Nobody ever will oppose to striving for good content. However, when it comes to data it’s a call too often overseen. Data scientists may derive new angles to existing panoramas, but are they aware if their efforts are built on mud or solid ground?

There’s reason to doubt it. The overwhelming attention for ‘Big Data’ has put fine art in the shade. Fine art? No, I don’t refer to Golden Age painters or fraudulent use of ingredients. It’s about the careful effort that goes in bringing forward an accurate set of data, before making any use of it. This is to say, make sure that the data to rely on for your posterior analysis or reporting are representing what you hold them for.
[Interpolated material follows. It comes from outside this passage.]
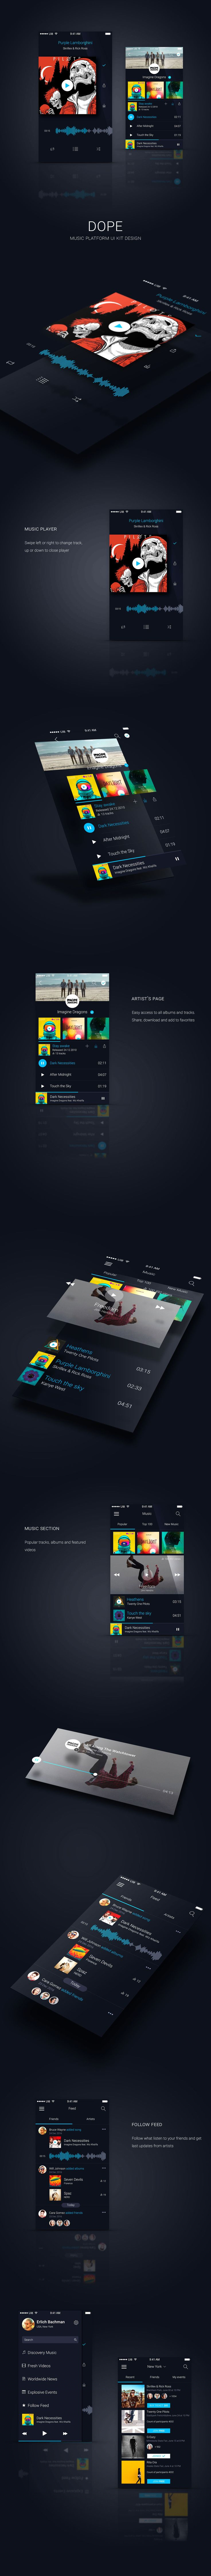 Dope - Music UI Kit App Template on Behance

Basically spoken there are two causes for poor data quality. The oldest is about missing fields, bad data entry or ‘strange’ values, i.e. not meeting the required format. For example, is “Bad-Aibling” different from “Bad Aibling”? In the digital era this kind of non-quality should rapidly fade out. Aut
omated rule-based applications and systematic monitoring can guarantee insight on accuracy and completeness of data from a single source. The real challenge nowadays is in merging data from multiple resources, each with proprietary characteristics, into one unified set. The once magic term ‘unique match key’ – typical example an ID number – progressively suffers validity and privacy regulation is not the only explanation to it. Instead, ‘match key’ evolves to become a multidimensional space. A person once baptized “Wilhelm” today could be known on Facebook as “willy” and while he was born in Bad Aibling, he actually may be a student in Heidelberg sharing a room at the address of Hotel Krokodil.
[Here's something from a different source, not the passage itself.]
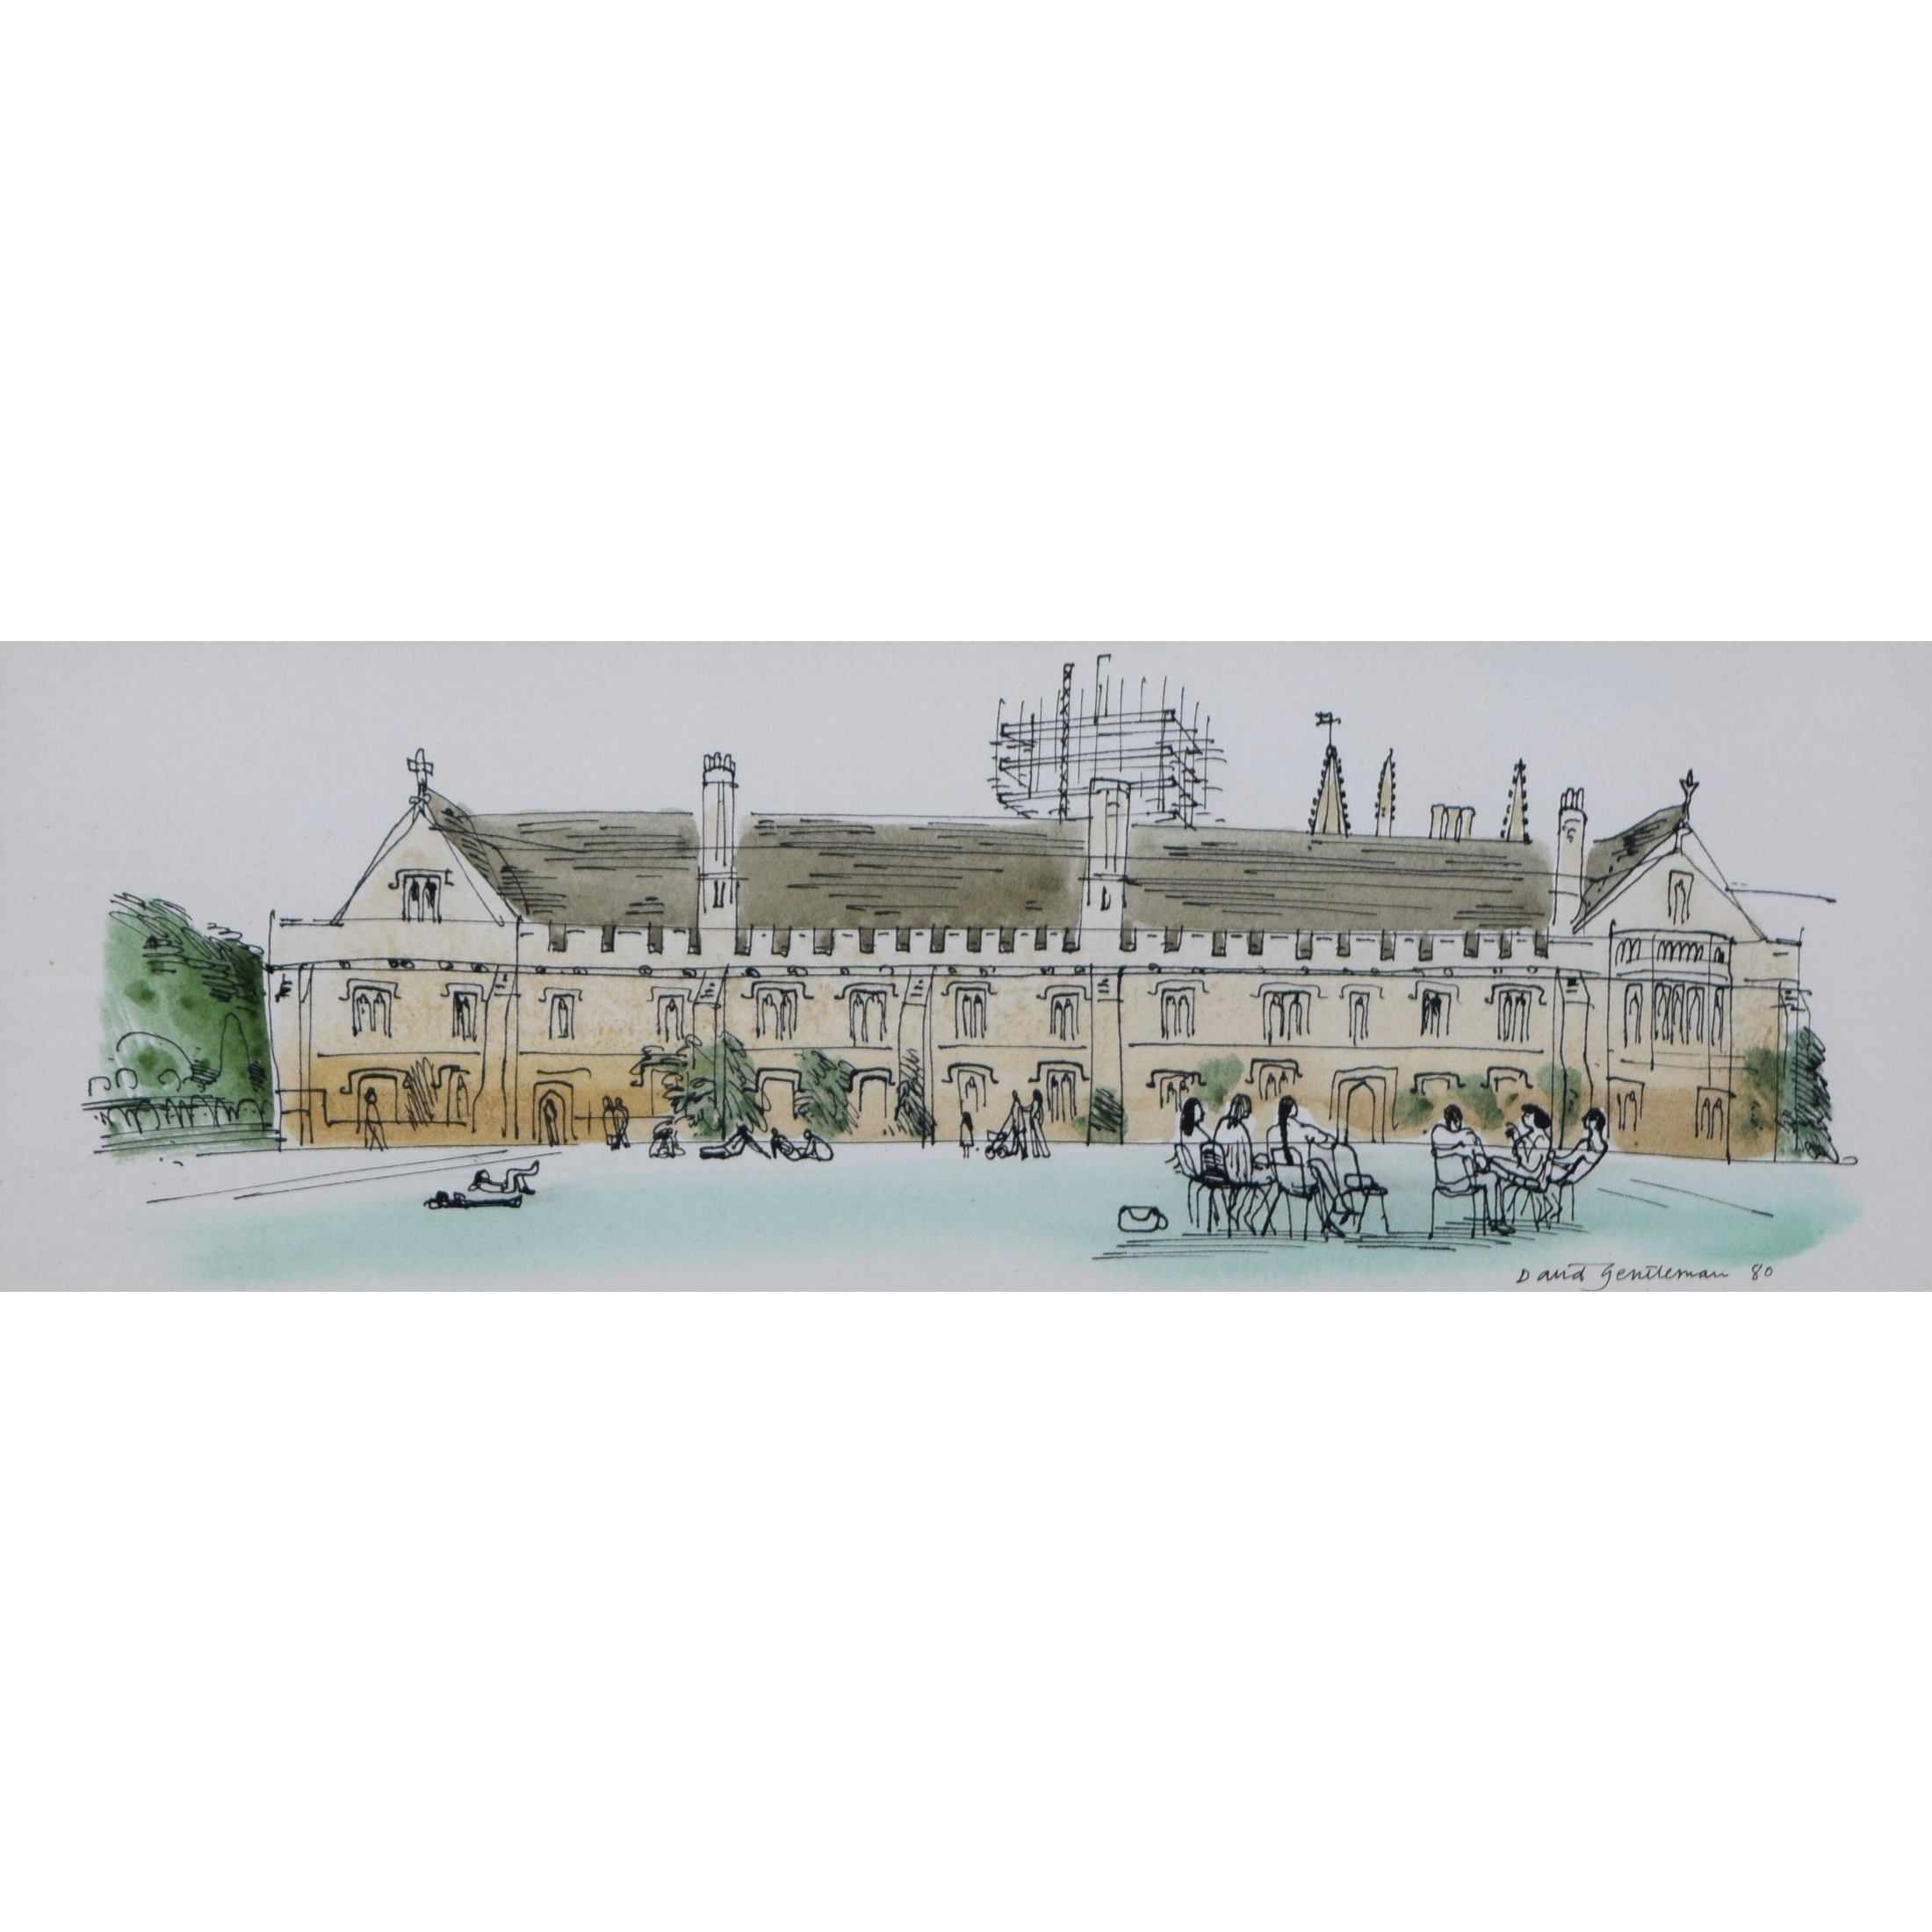 David Gentleman Magdalen College Oxford watercolour

How to deal with the duplicates when combining different sets of data? That depends on your objectives. If your aim is connecting to students, to stick to the example, data on landlines are virtually useless. And when it comes to insurance few people will expect an offer via Facebook, just remember Kroodle. At the end of the day it goes back to the very essential that there is no business strategy without an integrated data vision. Only by determining what data are needed for success, accurate datasets can be composed and later on monetized. That’s the basic condition for creating value as the next example from a very data driven industry may illustrate.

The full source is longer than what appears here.